___ Records for the exercise ___

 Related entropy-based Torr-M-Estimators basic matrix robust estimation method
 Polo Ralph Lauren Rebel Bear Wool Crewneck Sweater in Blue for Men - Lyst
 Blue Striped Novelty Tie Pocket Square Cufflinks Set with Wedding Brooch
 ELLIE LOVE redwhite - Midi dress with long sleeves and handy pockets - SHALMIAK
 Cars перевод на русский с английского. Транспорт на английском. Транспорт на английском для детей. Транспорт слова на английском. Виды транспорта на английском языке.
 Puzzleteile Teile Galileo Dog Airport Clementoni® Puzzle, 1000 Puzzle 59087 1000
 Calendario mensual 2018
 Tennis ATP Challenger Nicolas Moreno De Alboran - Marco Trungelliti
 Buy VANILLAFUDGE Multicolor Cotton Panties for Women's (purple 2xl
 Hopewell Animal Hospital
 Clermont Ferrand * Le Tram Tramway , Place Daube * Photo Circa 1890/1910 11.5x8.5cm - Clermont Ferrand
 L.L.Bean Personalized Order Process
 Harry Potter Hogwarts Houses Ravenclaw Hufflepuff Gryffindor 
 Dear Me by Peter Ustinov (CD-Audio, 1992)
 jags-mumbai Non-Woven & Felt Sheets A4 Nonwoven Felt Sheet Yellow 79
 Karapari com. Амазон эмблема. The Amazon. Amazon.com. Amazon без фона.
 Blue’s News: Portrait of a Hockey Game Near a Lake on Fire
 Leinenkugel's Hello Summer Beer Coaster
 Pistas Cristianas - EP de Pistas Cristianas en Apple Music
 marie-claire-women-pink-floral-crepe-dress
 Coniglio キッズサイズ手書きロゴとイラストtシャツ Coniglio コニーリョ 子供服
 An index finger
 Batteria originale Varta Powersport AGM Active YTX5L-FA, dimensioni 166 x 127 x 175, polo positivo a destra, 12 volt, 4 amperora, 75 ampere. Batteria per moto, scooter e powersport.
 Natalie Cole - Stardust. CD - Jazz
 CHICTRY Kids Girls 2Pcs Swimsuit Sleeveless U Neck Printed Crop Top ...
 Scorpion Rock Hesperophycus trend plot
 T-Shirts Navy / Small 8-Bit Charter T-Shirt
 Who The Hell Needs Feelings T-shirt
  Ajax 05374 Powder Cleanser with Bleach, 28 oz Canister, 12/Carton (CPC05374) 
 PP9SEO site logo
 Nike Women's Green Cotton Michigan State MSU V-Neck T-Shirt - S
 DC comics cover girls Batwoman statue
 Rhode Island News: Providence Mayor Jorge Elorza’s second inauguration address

___

* What the task asks *
Make a verbatim copy of every entry shown above.

* Answer section *
 Related entropy-based Torr-M-Estimators basic matrix robust estimation method
 Polo Ralph Lauren Rebel Bear Wool Crewneck Sweater in Blue for Men - Lyst
 Blue Striped Novelty Tie Pocket Square Cufflinks Set with Wedding Brooch
 ELLIE LOVE redwhite - Midi dress with long sleeves and handy pockets - SHALMIAK
 Cars перевод на русский с английского. Транспорт на английском. Транспорт на английском для детей. Транспорт слова на английском. Виды транспорта на английском языке.
 Puzzleteile Teile Galileo Dog Airport Clementoni® Puzzle, 1000 Puzzle 59087 1000
 Calendario mensual 2018
 Tennis ATP Challenger Nicolas Moreno De Alboran - Marco Trungelliti
 Buy VANILLAFUDGE Multicolor Cotton Panties for Women's (purple 2xl
 Hopewell Animal Hospital
 Clermont Ferrand * Le Tram Tramway , Place Daube * Photo Circa 1890/1910 11.5x8.5cm - Clermont Ferrand
 L.L.Bean Personalized Order Process
 Harry Potter Hogwarts Houses Ravenclaw Hufflepuff Gryffindor 
 Dear Me by Peter Ustinov (CD-Audio, 1992)
 jags-mumbai Non-Woven & Felt Sheets A4 Nonwoven Felt Sheet Yellow 79
 Karapari com. Амазон эмблема. The Amazon. Amazon.com. Amazon без фона.
 Blue’s News: Portrait of a Hockey Game Near a Lake on Fire
 Leinenkugel's Hello Summer Beer Coaster
 Pistas Cristianas - EP de Pistas Cristianas en Apple Music
 marie-claire-women-pink-floral-crepe-dress
 Coniglio キッズサイズ手書きロゴとイラストtシャツ Coniglio コニーリョ 子供服
 An index finger
 Batteria originale Varta Powersport AGM Active YTX5L-FA, dimensioni 166 x 127 x 175, polo positivo a destra, 12 volt, 4 amperora, 75 ampere. Batteria per moto, scooter e powersport.
 Natalie Cole - Stardust. CD - Jazz
 CHICTRY Kids Girls 2Pcs Swimsuit Sleeveless U Neck Printed Crop Top ...
 Scorpion Rock Hesperophycus trend plot
 T-Shirts Navy / Small 8-Bit Charter T-Shirt
 Who The Hell Needs Feelings T-shirt
  Ajax 05374 Powder Cleanser with Bleach, 28 oz Canister, 12/Carton (CPC05374) 
 PP9SEO site logo
 Nike Women's Green Cotton Michigan State MSU V-Neck T-Shirt - S
 DC comics cover girls Batwoman statue
 Rhode Island News: Providence Mayor Jorge Elorza’s second inauguration address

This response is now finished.